I distributori farmaceutici Adf e Federfarma Servizi, intanto, sono sul piede di guerra, sostengono che «il costo d'acquisto e/o importazione in Italia è di gran lunga superiore» ai 50 centesimi. Il rischio è che molti rivenditori non inoltrino più nuovi ordini e che farmacie e negozi non abbiano mascherine da vendere. Mentre Fi si chiede «come si pensa di mettere in condizione di restare sul mercato le aziende che hanno avviato la produzione». Ieri Arcuri ha spiegato di avere «emanato un'ordinanza che ha fissato il prezzo massimo di vendita al consumo nell'esclusivo interesse dei cittadini, e non il prezzo massimo di acquisto, perché il mercato non è ancora pronto». Ha poi annunciato che da lunedì «potremmo distribuire 12 milioni di mascherine al giorno, tre volte l'attuale fornitura. Dal giugno arriveremo a 18 milioni, da luglio a 25 milioni e a settembre potremmo distribuirne 30 milioni, 11 volte quel che distribuivamo all'inizio dell'emergenza». Una strategia è di arrivare a immettere nel mercato un massiccio quantitativo di mascherine distribuendole gratuitamente attraverso i canali dei monopoli di Stato (edicole, tabaccherie).
LE IMPRESE
Ma chi sono le cinque aziende che hanno già firmato il contratto?

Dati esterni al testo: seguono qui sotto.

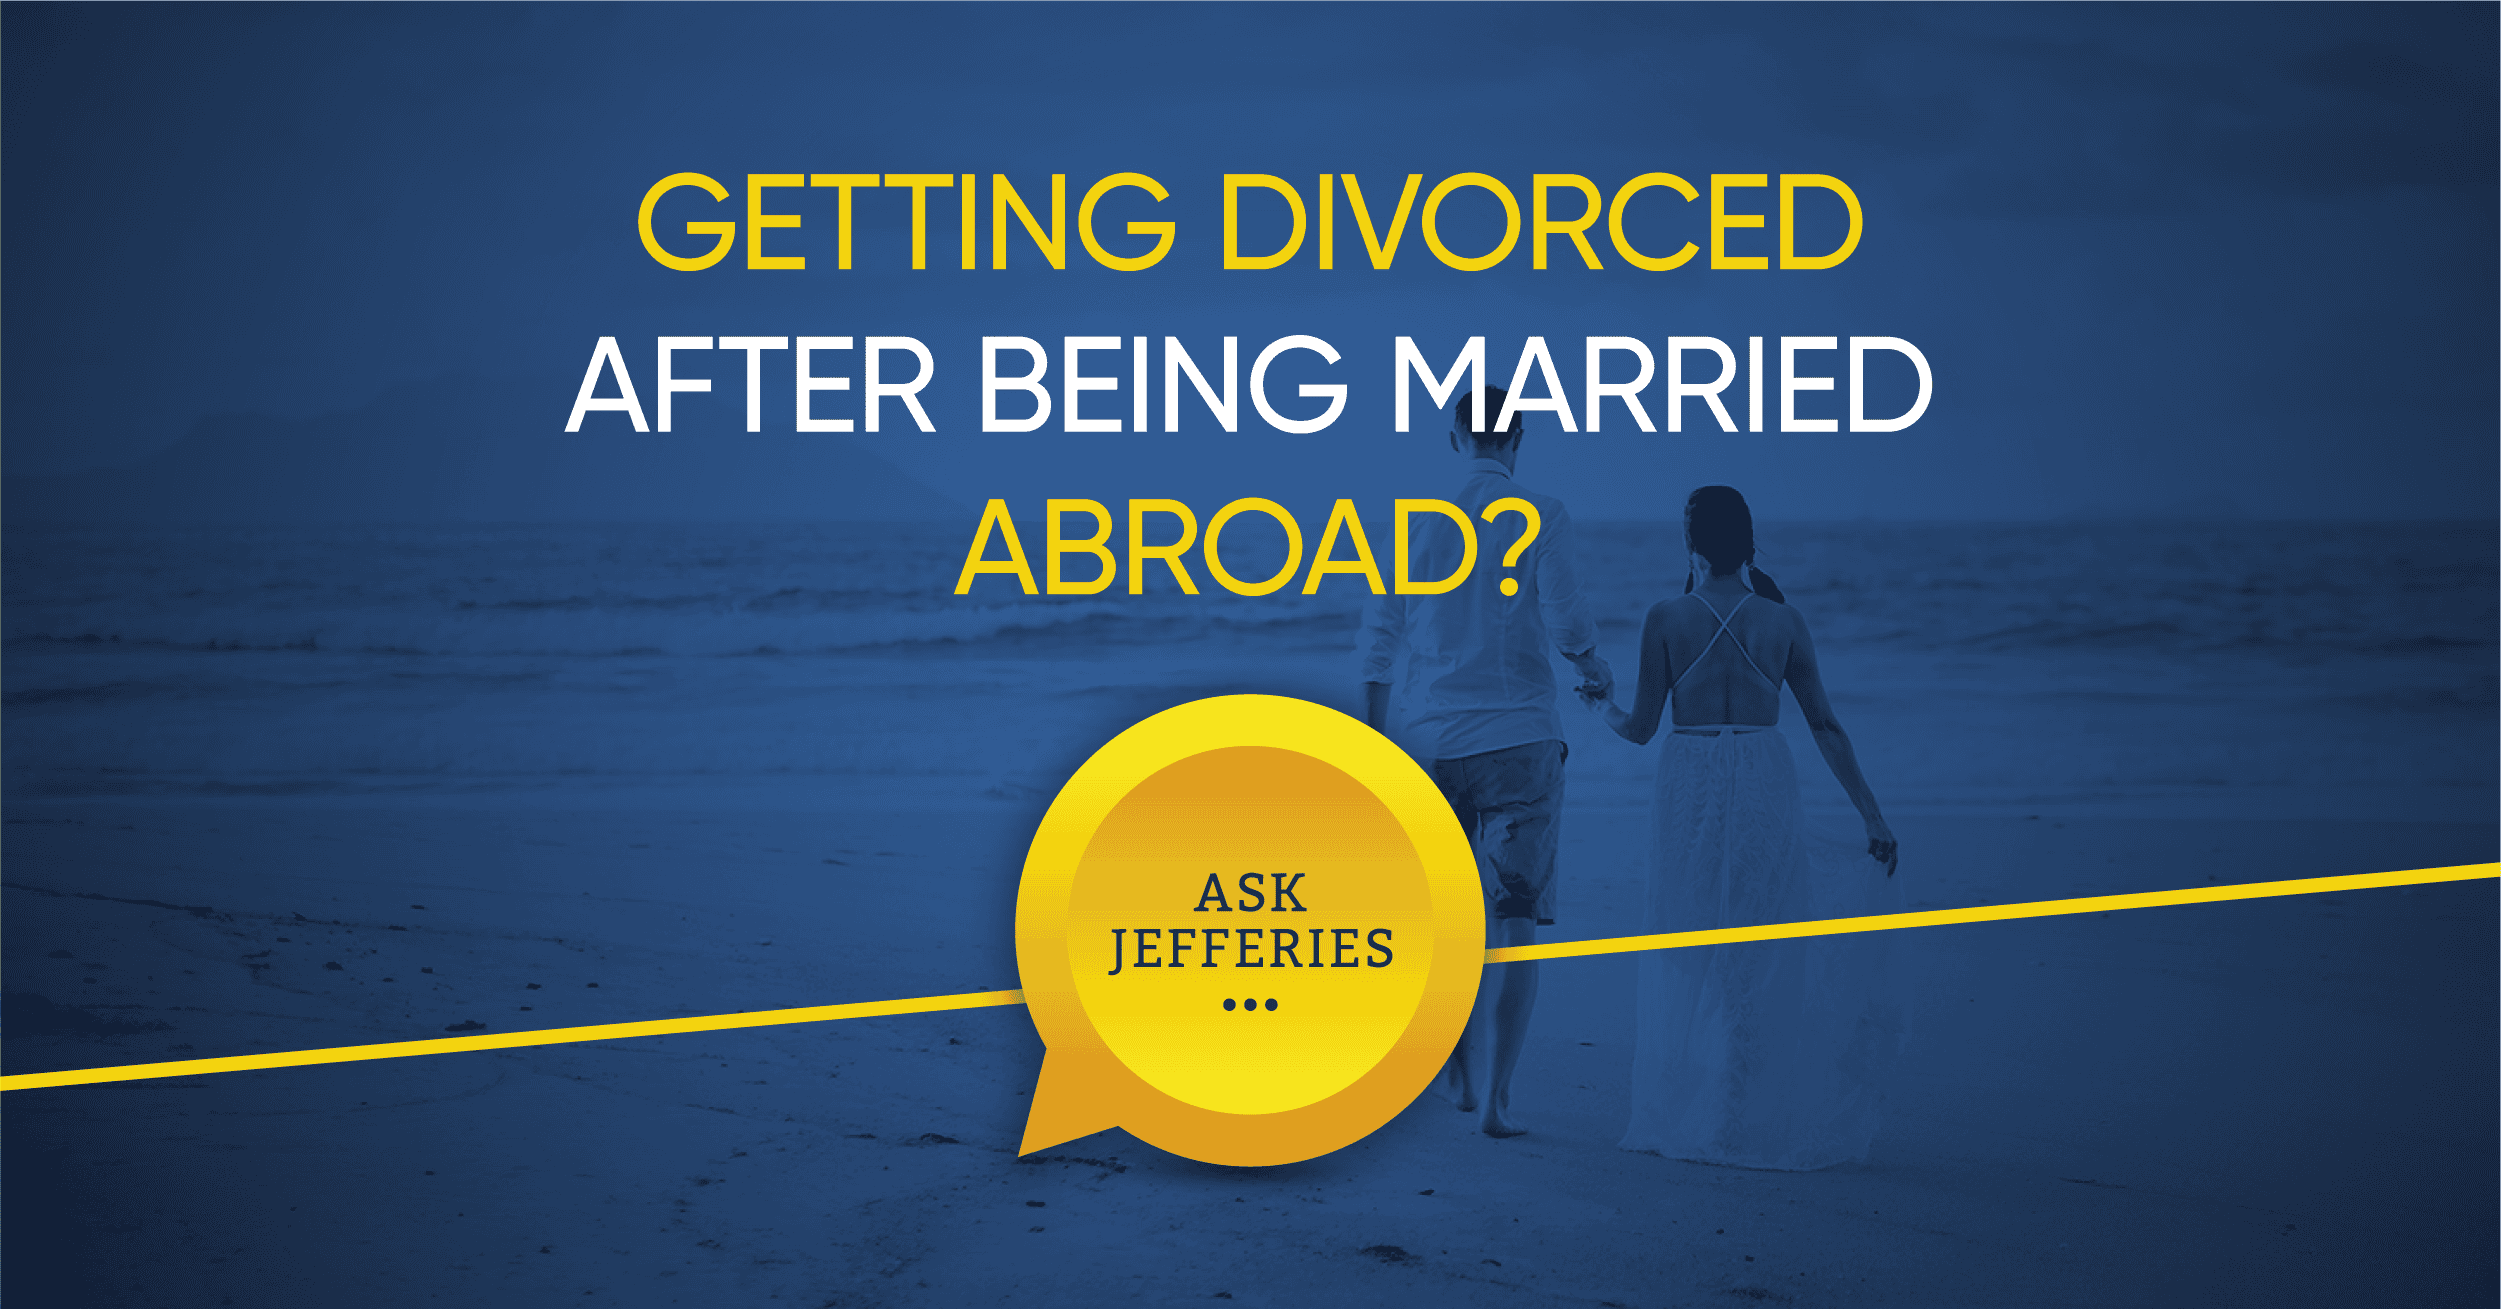 Getting divorced after being married abroad. Two people hand in hand on a beach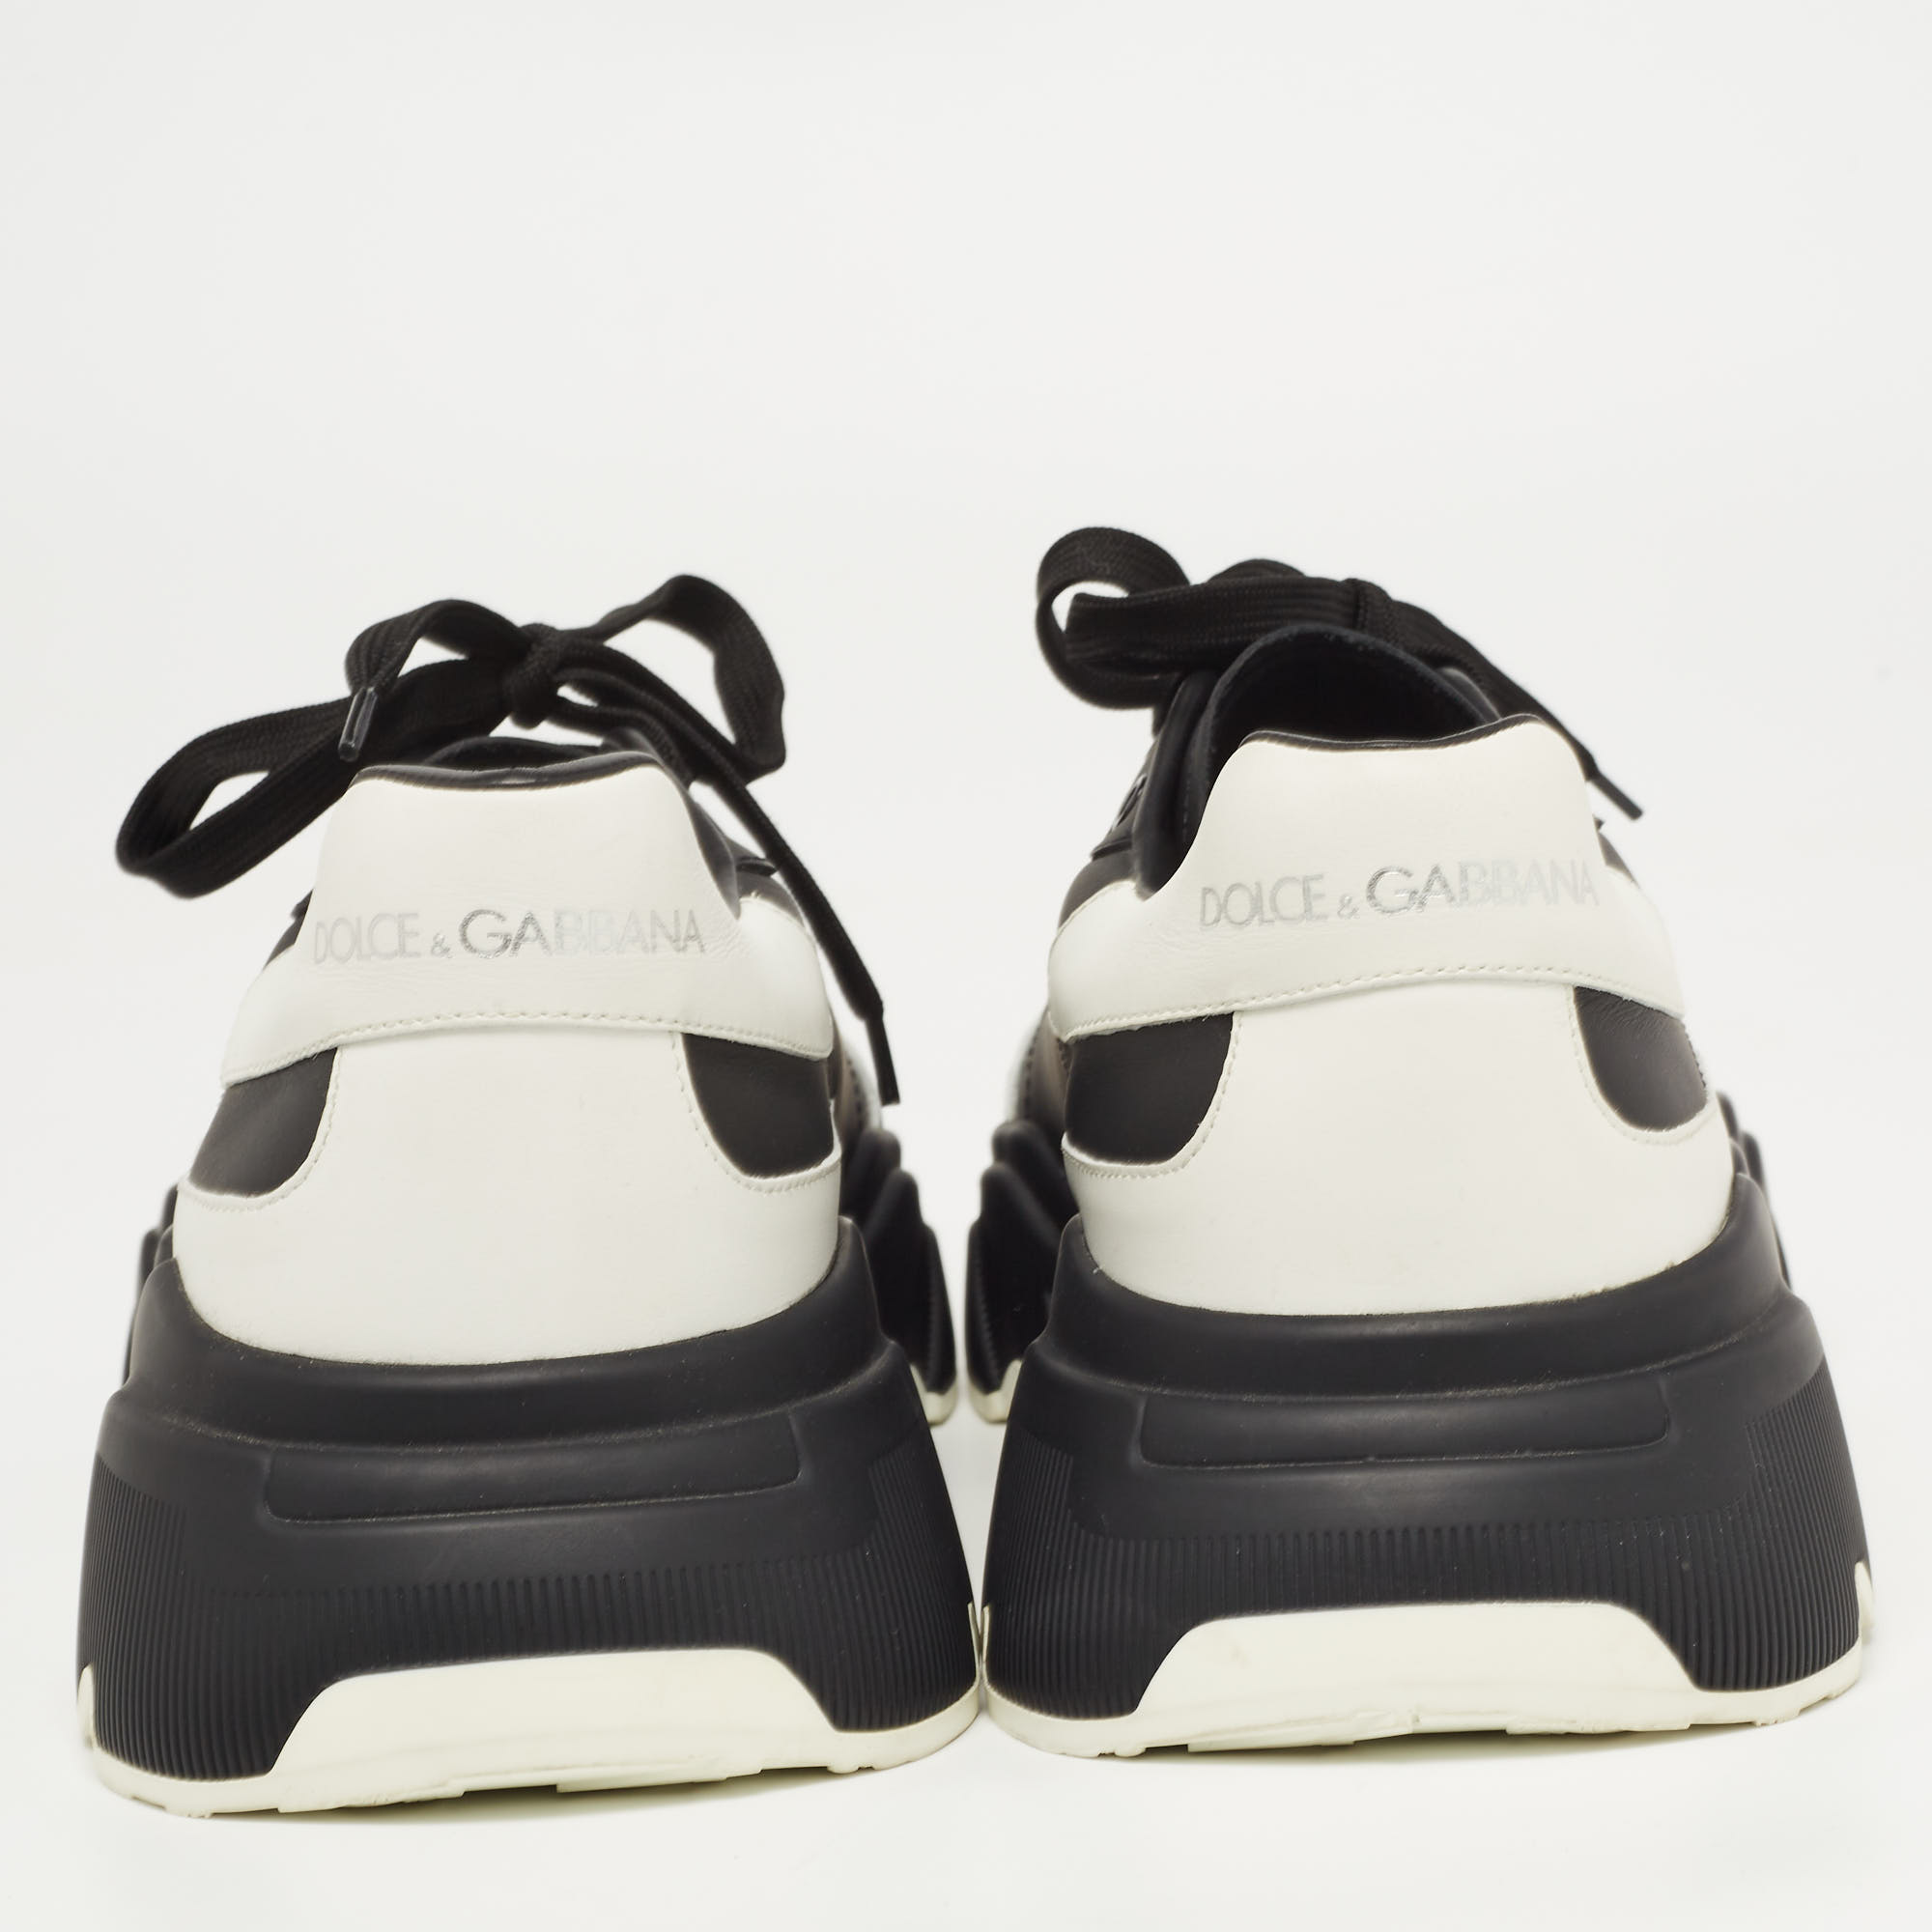 Dolce & Gabbana Black/White Leather Daymaster Sneakers Size 46

C'è la padovana Grafica Veneta spa, che ha inventato una particolare mascherina «filtrante al 98%, avvolgente, personalizzabile»; la Mediberg di Calcinate (Bergamo), leader nella produzione di dispositivi sanitari, con stabilimenti a contaminazione controllata, amministratore unico è l'ex presidente della Compagnia delle Opere di Bergamo, Rossano Breno; la Fab spa del Gruppo Grazioli specializzata nella progettazione e produzione di dispositivi di protezione individuale sul lavoro; il Gruppo Triboo, una ati tra Triboo Digitale Srl e l'azienda tessile milanese Marobe Srl; infine la catanese Parmon spa, l'unica al Sud, importante azienda di riferimento per la grande distribuzione di pannolini per bambini e assorbenti, la quale produrrà anche le mascherine per i bimbi.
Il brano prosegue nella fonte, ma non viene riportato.